PHOENIX — Gov. Doug Ducey is not in favor of Arizona becoming the state that puts the Equal Rights Amendment into the U.S. Constitution.
Asked about the issue Monday, Ducey said Arizona already is “a land of opportunity” for all, including women. “I don’t know that that’s something that’s necessary for our state to be involved in at this time,” the Republican governor said.
“I think if you look at the employment numbers, if you look at the number of legislators we have by percentage, the number of governors that we’ve had across the country, the success in income growth across all spectrums inside the economy and our population, you’d see positive trends,” he said.
“And that’s something I’m going to continue to focus on.”
Technically speaking, Ducey has no say: Ratification is subject only to state House and Senate approval.
The governor, however, has the constitutional ability to call lawmakers into special session and get them to focus on an issue of his choosing. Ducey has no plans to do so.
He isn’t alone in his opposition. GOP leaders have used procedural maneuvers in each of the last two years to block the issue from getting to the House floor.
What has made the issue immediately relevant is that Illinois lawmakers voted late last month to ratify the amendment. That means action by one more state, a 38th state to ratify, is needed to put it into the Constitution.
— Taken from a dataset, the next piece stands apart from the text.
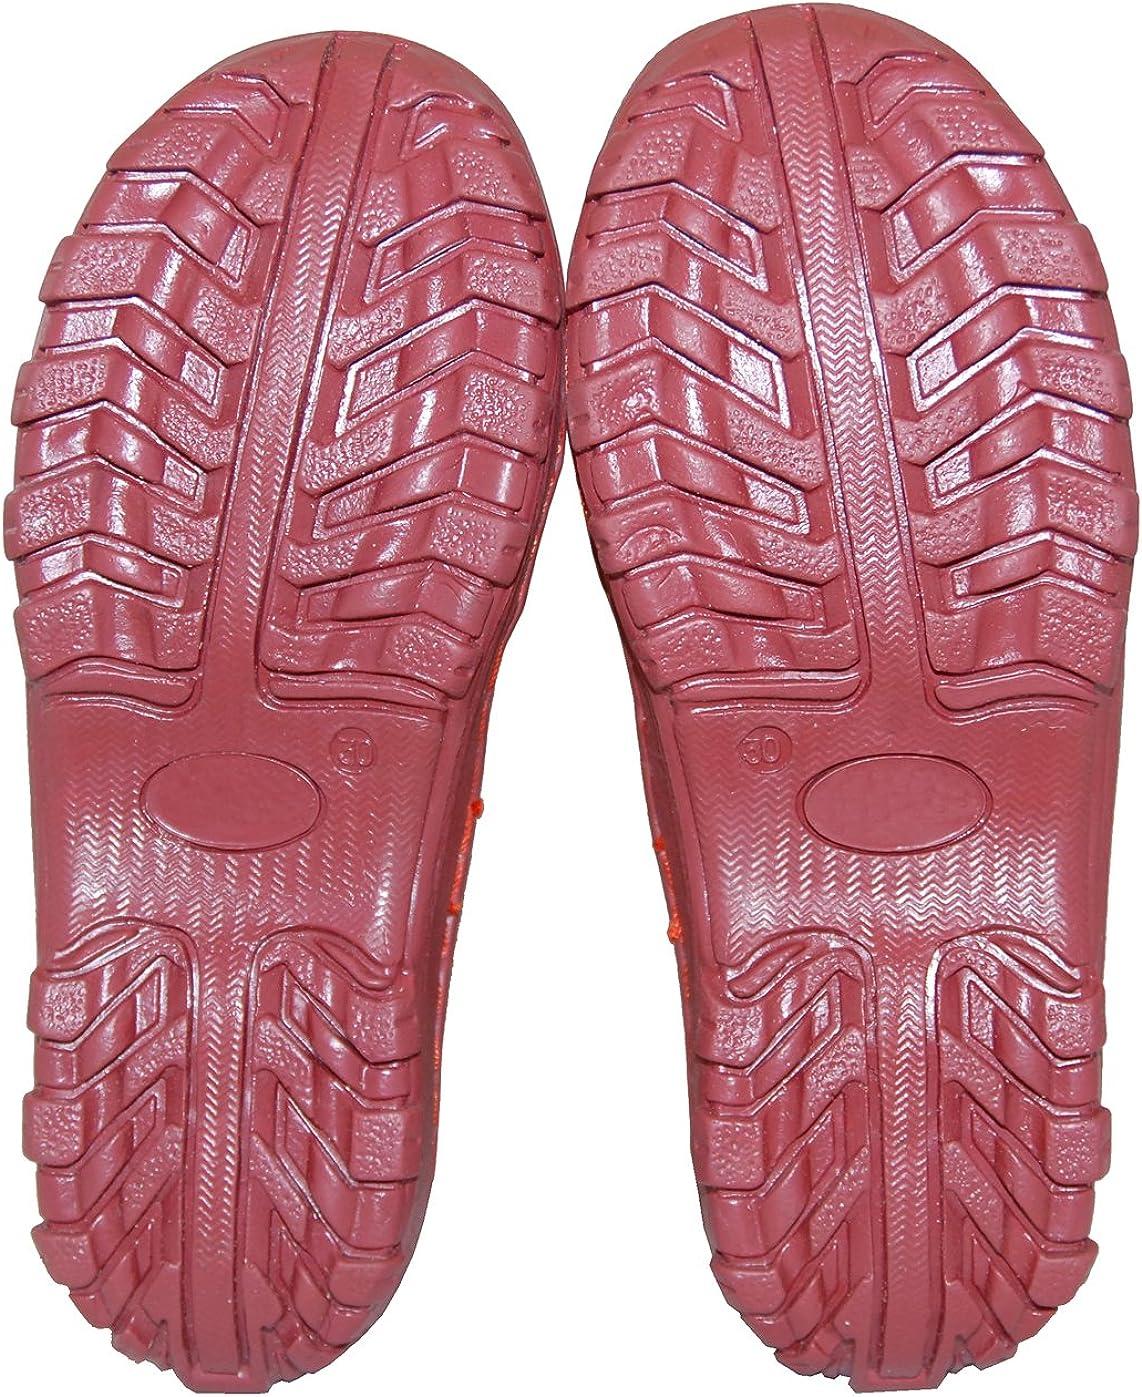 Handmade Valenki Felt Sheepskin Boot Kids 13 Size

The text of the amendment says equality of rights under the law shall not be denied or abridged by the United States or any state on account of sex. It also would empower Congress to enact laws to enforce the provision. A change in the Constitution requires ratification by three-fourths of the states.
During floor debate last year, state Rep. Pamela Powers Hannley, D-Tucson, complained that her legislation to put Arizona on record in favor of the amendment never got a hearing. So she made a motion that the measure be brought to the full House for an immediate vote.
The maneuver caught GOP leaders by surprise.
But rather than simply allow a vote, Speaker J.D. Mesnard made a procedural motion to instead have the House recess. That was approved along party lines, denying Democrats the vote they sought — and effectively keeping Republicans from having to go on the record on whether they support or oppose the amendment.
Even if Arizona lawmakers were to go along, there’s the question of whether the action is too late: The deadline imposed by Congress to approve it was 1982.
But there is a legal argument that Congress, which had sent the measure to the states in 1972, has the power to retroactively extend that deadline.
There is a provision in the Arizona Constitution that bars discrimination or preferential treatment based on race, sex, color, ethnicity or national origin. That covers public employment, public education or public contracting.